I hitched up my skirt, tugged my tights and knickers down and sat on the loo, looking at a hodge-podge of books on the windowsill. I didn’t notice it at first, the smear of dark brown blood lying dormant on my underwear. I’d been prepped for this moment for years, hearing all the other girls bragging about their periods and their tampons and their this and their that. We even had a special lesson on it in science, although that was far more theoretical than practical. I cleaned up as best I could with toilet roll and looked around for something I could use. Nothing. I washed my hands and looked inside the mirrored medicine cabinet over the cream-coloured basin. No
thing useful, just a lot of pill tubs and a bottle of TCP.
Harriet was waiting for me outside when I opened the door. ‘You’ve been ages. Are you okay?’
‘Um, I need some towels or something,’ I whispered.
Her brow furrowed. ‘Towels?

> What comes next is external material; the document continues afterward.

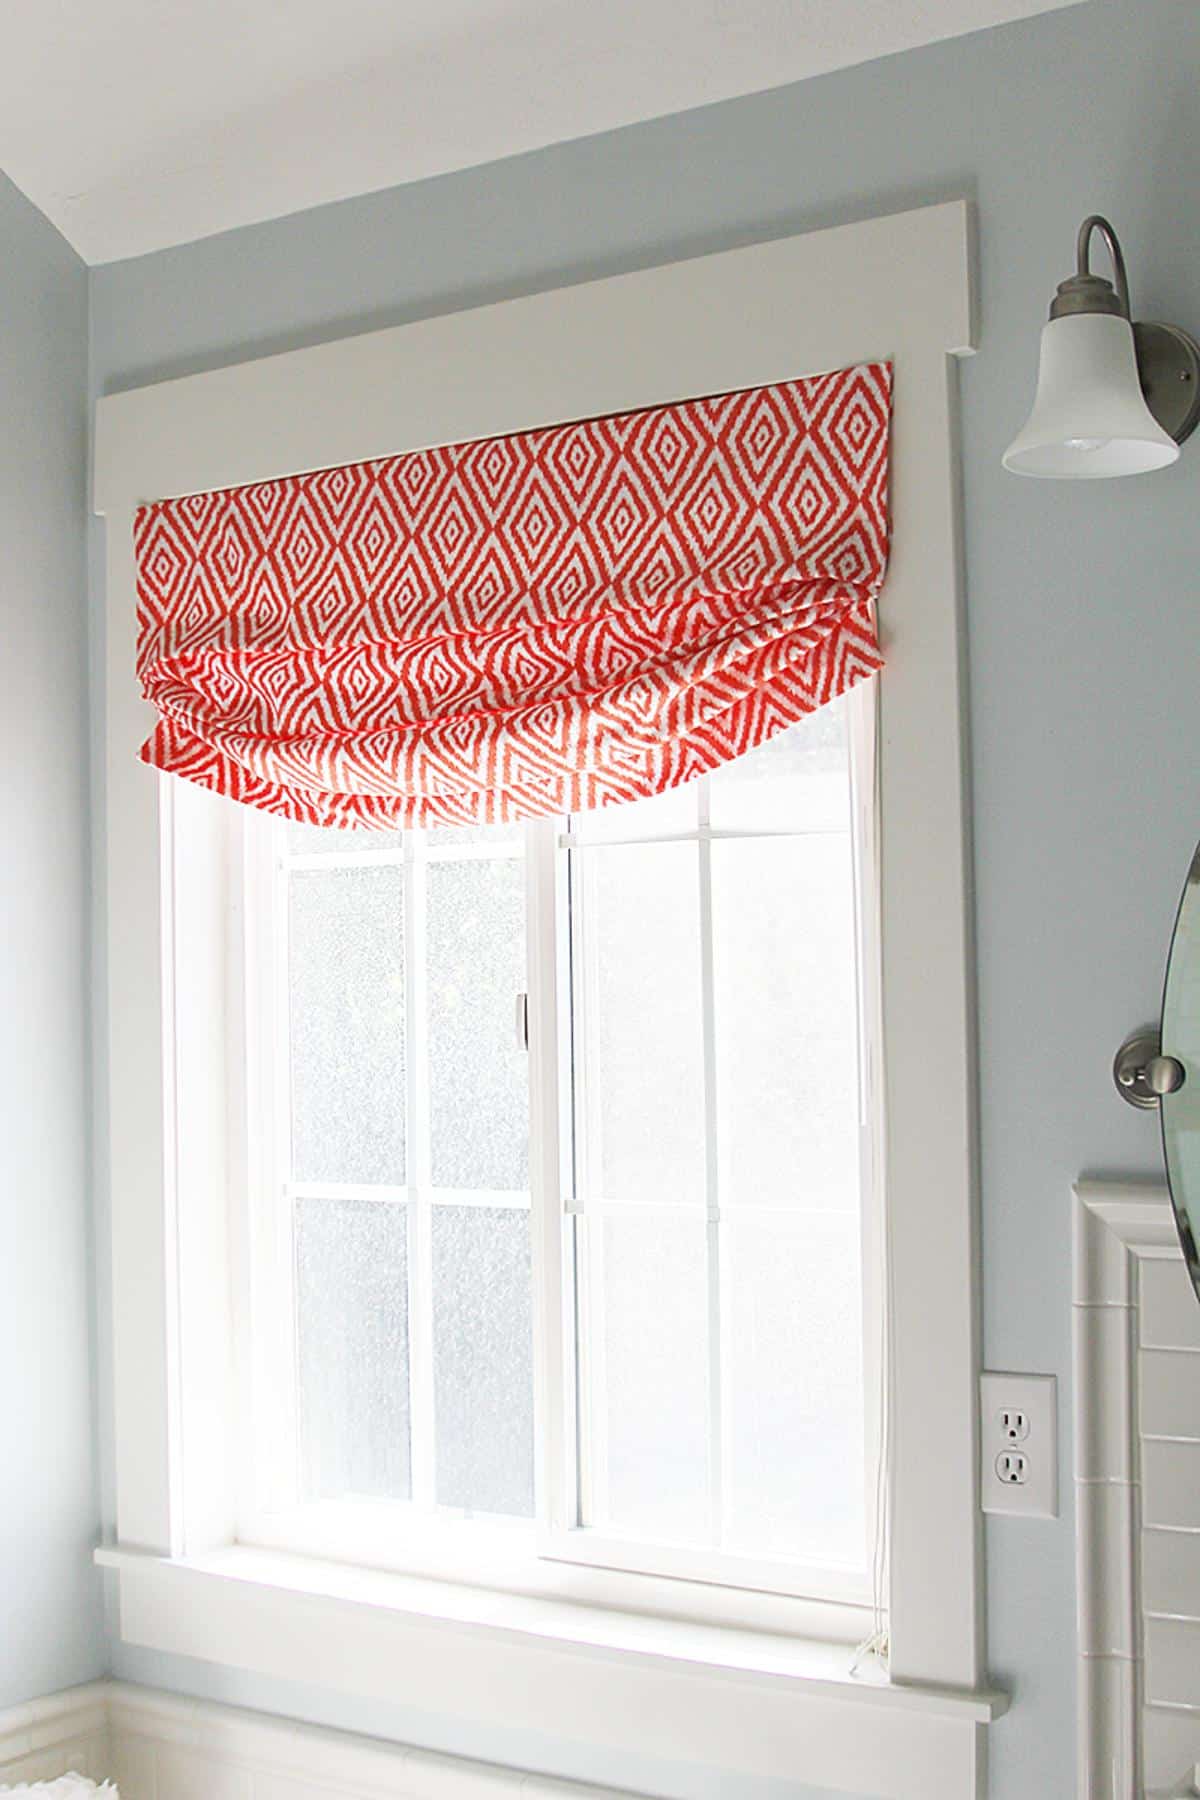 DIY Faux Relaxed Roman Shade

Have you made a mess?’ she asked, eyes widening as she tried to peer around me and into the bathroom behind.
‘No, not those sort of towels, like, y’know, tampon towels. Or tampons. Or, y’know, whatever you use.’
Harriet lifted her head back and made an exaggerated ‘hawww hawww’ sound. Eventually she stopped, but not before attracting the attendance of her younger sisters in their matching Sunnygrove uniforms and golden pigtails.
‘You don’t call them tampon towels, Kate.’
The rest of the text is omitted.